Towards an Open-Source Precision Audiological Diagnostics Core for Large-Scale Data Analysis

Authors: Andrew N Sivaprakasam *1; Samantha Hauser 1 ; Natalie Seidl 1 ; Delaney Hake 2 ; Hari Bharadwaj 3; Michael G Heinz 2

Affiliations:
Purdue University
2 Watson Clinic, LLP
3 University of Pittsburgh

Background: Studies of human auditory perception and physiology can be bolstered by the collection and efficient pooling of audiological, imaging, and other data from thousands of participants across the human lifespan. Studies of such magnitude often require the help of costly or closed-source software tools owned by individual laboratories or institutions. As a result, the potential for researchers to systematically contribute data and metrics to answer questions requiring a big-data approach remains untapped. Here, we demonstrate progress towards an open-source collection of software and a data-analysis framework compatible with commonly used clinical equipment.

Methods: A software framework and data-analysis pipeline was developed by the Audiology Research Diagnostics Core (ARDC) at Purdue University as a collaborative effort between faculty, students, and clinicians with engineering and hearing-science backgrounds. Audiometry, QuickSIN, acoustic reflexes, tympanometry, and OAEs were collected using clinical-grade equipment (Grason-Stadler AudioStar and Interacoustics Titan) with added customizations and research software. Our analysis software (https://github.com/ARDCPurdue) condenses these measures into a singular data structure facilitating big-data analyses and targeted subject recruitment.

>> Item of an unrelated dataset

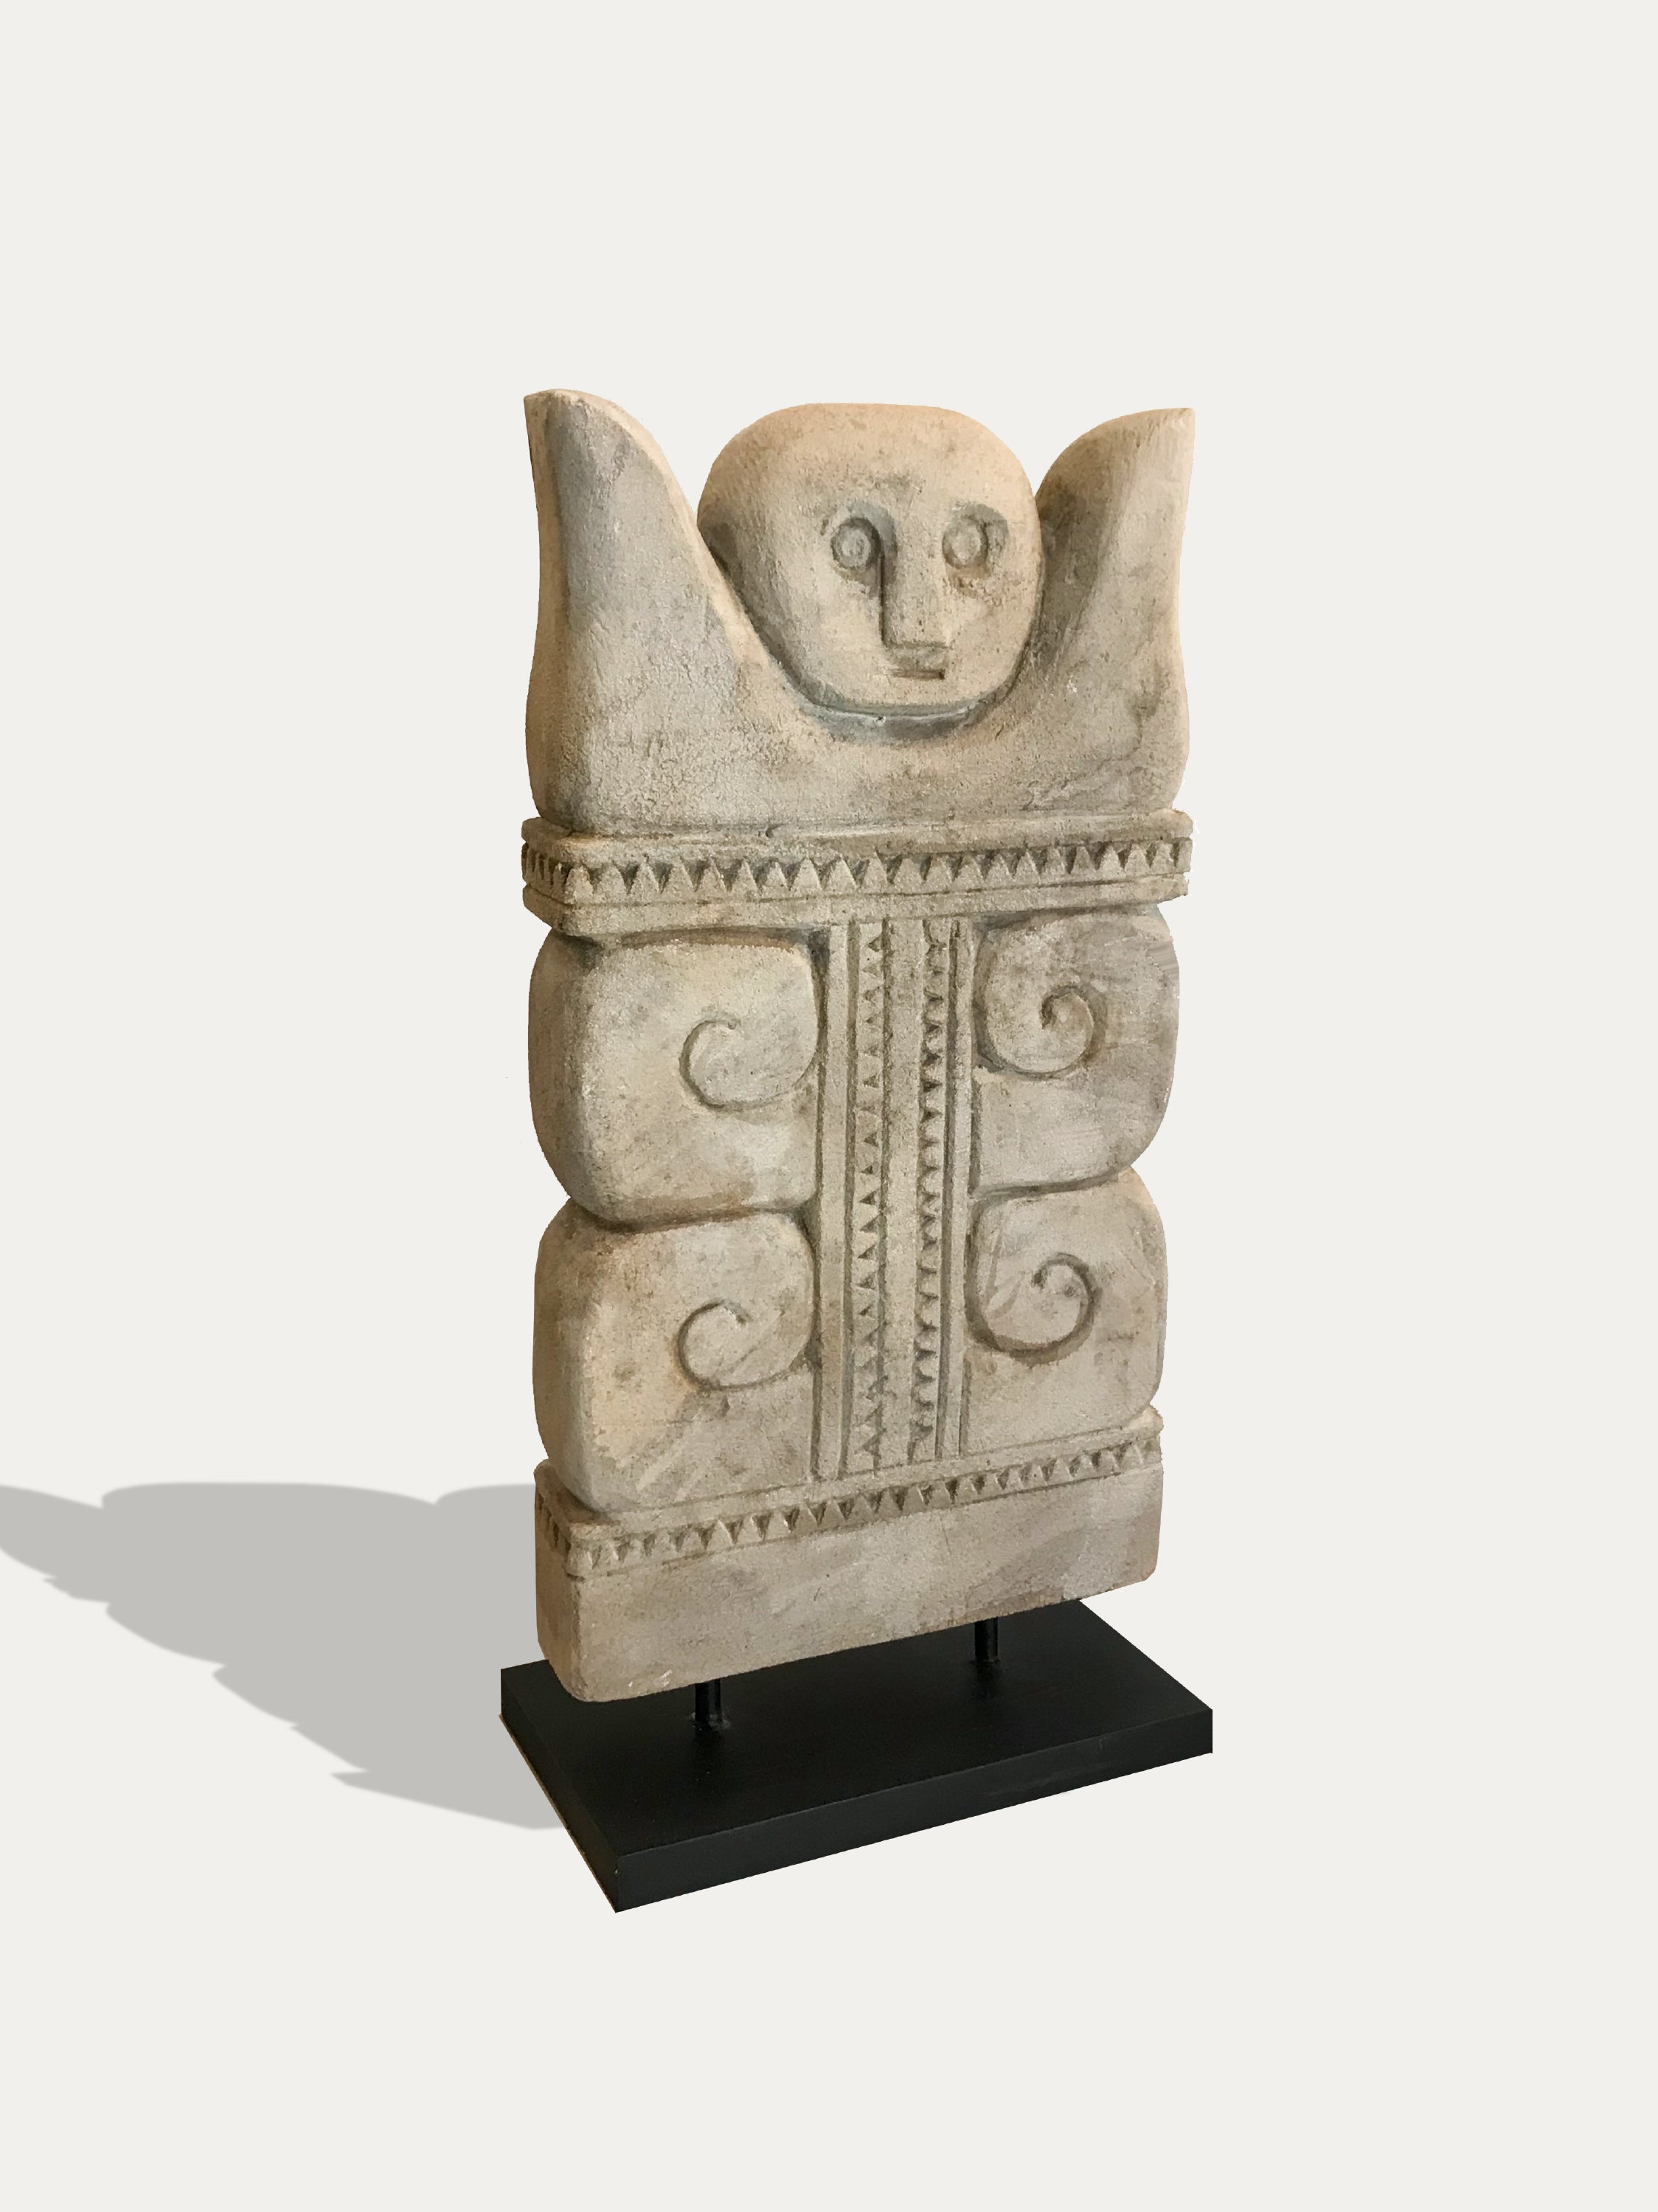 Asian art, A stele stone statue from Sumba in Indonesia from Kirschon.com
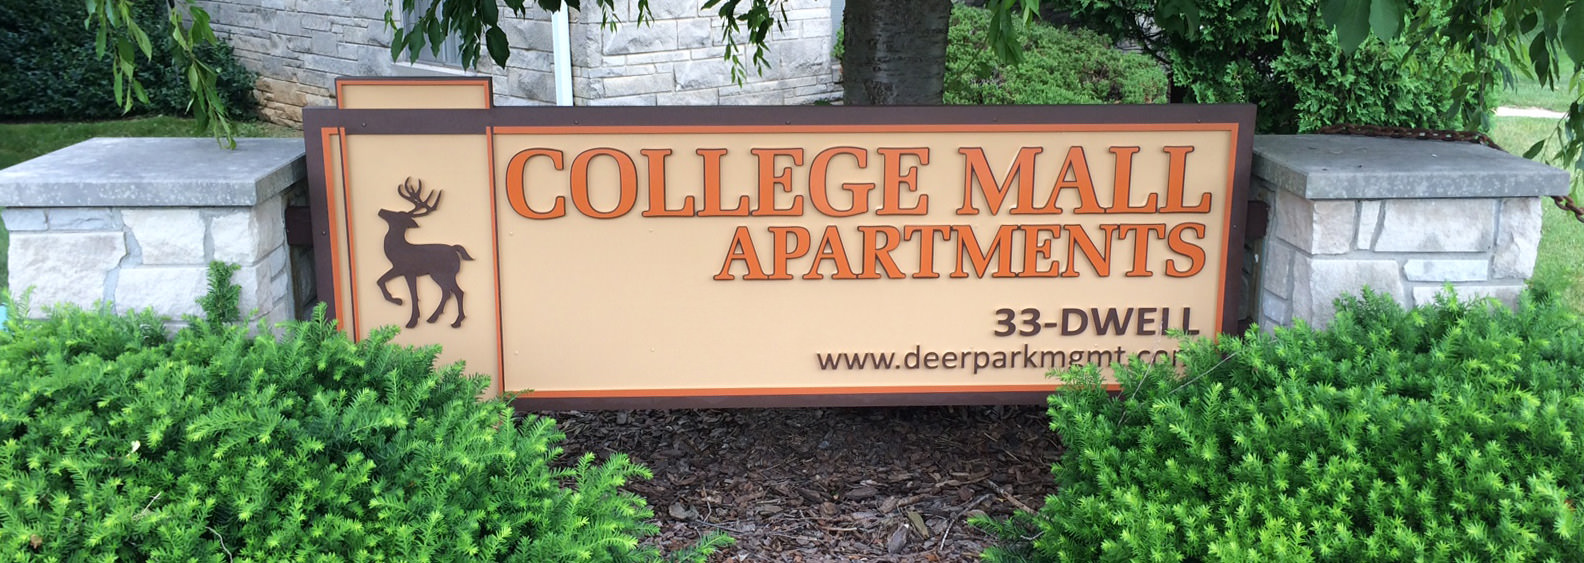 routed-sign-college-mall-apartments

Results: To date, two laboratories have integrated the core and data structure for the collection of baseline audiological and survey measures necessary for EEG and hearing-aid research. The ARDC dataset is growing, with regular data collection from several labs each week.

Conclusion: The ARDC is facilitating the large-scale pooling of standard hearing measures collected at Purdue across numerous human hearing-science labs. A major hope of our open-source data-analysis toolkit is to enable other institutions collecting audiological measures to review, improve, and utilize these tools to answer current and future research questions requiring a large-scale approach.”